Mécanisme central de sécurisation des relations contractuelles entre les parties d’un contrat immobilier, le dépôt de garantie correspond à une somme versée au propriétaire ou au notaire, puis restituée à la fin du contrat ou imputée sur le prix de vente. Principalement utilisé dans le cadre d’un bail locatif, il est parfois employé pour sécuriser un processus de vente. Bien que d’usage courant, sa nature juridique, son régime et ses modalités de mise en place restent souvent mal compris, alors même qu’il représente un enjeu financier et contentieux significatif.
Dans le cadre d’une location, le dépôt de garantie désigne une somme d’argent versée par le preneur au bailleur lors de la signature du contrat. Ce montant permet de garantir l’exécution des obligations locatives du preneur pendant toute la durée du bail. Il s’agit d’une sûreté personnelle affectée à la couverture de manquements éventuels du locataire, et en aucun cas d’un loyer d’avance ou d’une indemnité forfaitaire.
Dans les faits, le dépôt de garantie permet au bailleur de se prémunir contre divers risques comme des impayés de loyers ou de charges, des dégradations commises sur le bien loué ou sur le mobilier, ou en cas de restitution non conforme à l’état contractuellement prévu. Il s’inscrit dans une logique de protection patrimoniale du propriétaire, en sachant que son encadrement réglementaire est pensé pour limiter les abus.
Le versement du dépôt de garantie intervient généralement lors de la signature du bail, mais il peut également être exigé lors du renouvellement ou d’une modification substantielle des conditions locatives. Son montant, ses modalités de restitution et ses conditions d’imputation doivent être définis dans le bail. La somme est conservée par le bailleur pendant toute la durée du contrat.
Le dépôt de garantie relève de la liberté contractuelle. Lorsqu’il est prévu, son encadrement juridique dépend de la nature du contrat (bail d’habitation, commercial ou professionnel).
Dans le cadre d’un bail d’habitation, les modalités d’application du dépôt de garantie sont prévues par la loi du 6 juillet 1989 (articles 3, 4, 22 et 25-6). Ce montant doit être :
Par principe, aucun dépôt ne peut être exigé pour un bail mobilité (article 25-17).
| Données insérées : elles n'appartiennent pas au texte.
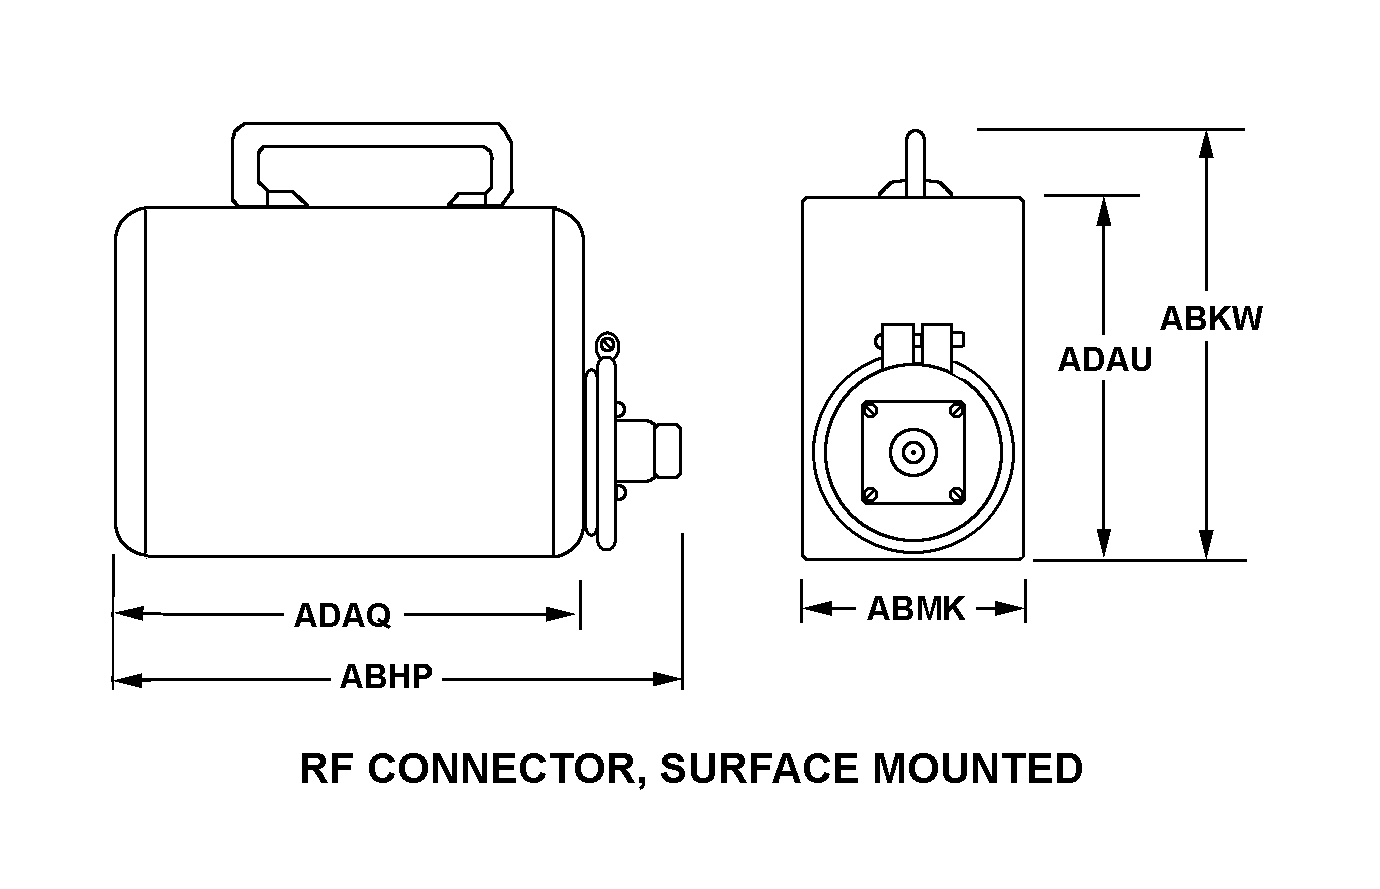 RF CONNECTOR, SURFACE MOUNTED style nsn 5985-00-194-9751
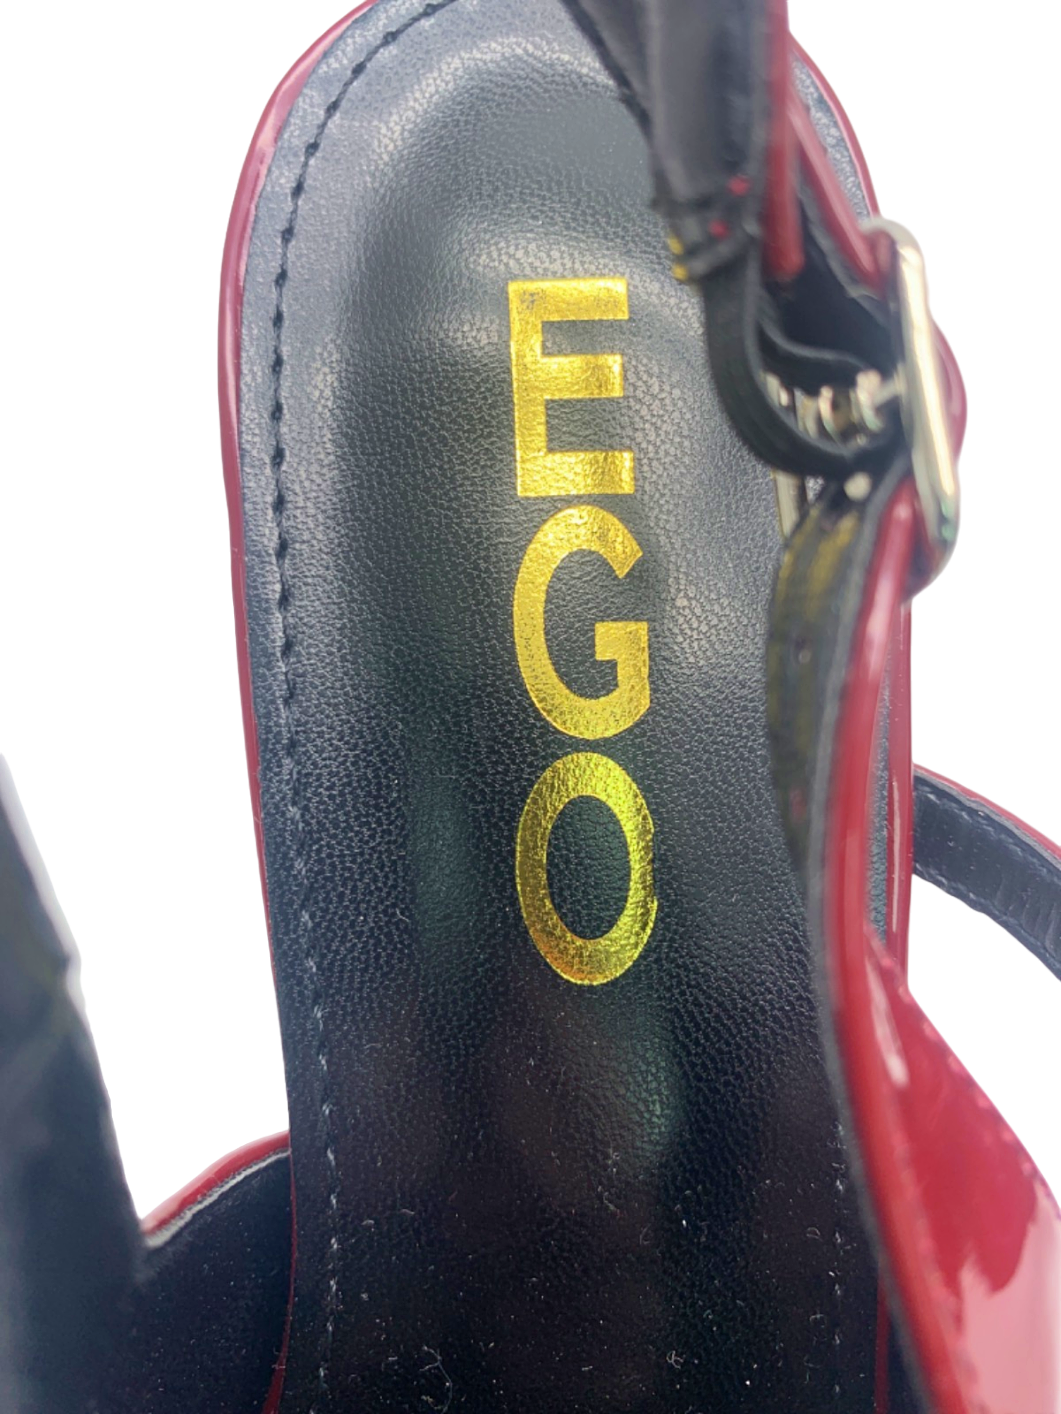 EGO Red Strappy Patent Heels UK Size 5

Le bailleur ne peut pas augmenter son montant, ni en cours de contrat, ni lors de son renouvellement.
Pour les baux commerciaux et professionnels, la réglementation relative au dépôt de garantie est plus souple. En particulier, son montant est librement fixé par les parties. En général, il s’élève à 3 mois de loyer lorsque celui-ci est payable d’avance ou à 6 mois de loyer lorsque celui-ci est payable à l’échéance. Il est révisé en même temps que le loyer ou lors du renouvellement du bail si celui-ci le prévoit expressément.
Sur le plan juridique, le dépôt de garantie demeure la propriété du locataire pendant toute la durée du bail. Le bailleur n’en devient jamais propriétaire, sauf à démontrer un droit à imputation fondé sur des sommes certaines, liquides et exigibles. La restitution du montant versé intervient à l’issue du bail après vérification de l’exécution des obligations du preneur. En cas de retenue partielle ou totale, le bailleur doit être en mesure de justifier précisément les sommes conservées.
Le dépôt de garantie dans une vente immobilière découle d’un usage conventionnel très répandu et ne constitue pas une obligation légale, sauf dans le cas particulier d’une vente en l’état futur d’achèvement (VEFA).
Lorsque le vendeur demande un dépôt de garantie, son montant est usuellement compris entre 5 et 10 % du prix de vente et doit rester inférieur à ce dernier. Cette somme est versée lors de la signature de l’avant-contrat au propriétaire vendeur, au notaire ou à l’agent immobilier à titre de séquestre.
Si l’acheteur décide de faire jouer son droit de rétractation (dans un délai de 10 jours à compter du lendemain de la notification), il récupère le dépôt sans pénalité. Au-delà de ce délai ou en cas de défaillance fautive, le vendeur est en droit de conserver la somme ou de saisir la justice pour demander l’exécution forcée de la cession. Si c’est le vendeur qui se rétracte, l’acheteur récupère la somme et peut engager des poursuites judiciaires.
Au moment du paiement du prix de vente, le jour de la signature de l’acte authentique, le dépôt de garantie s’impute sur le montant total versé par l’acquéreur.
Le dépôt de garantie matérialise l’engagement de l’acheteur à mener la transaction jusqu’à son terme. Dans le même temps, l’acheteur démontre sa détermination à faire l’acquisition du bien en question, et le risque d’un désistement inopiné de sa part devient plus faible.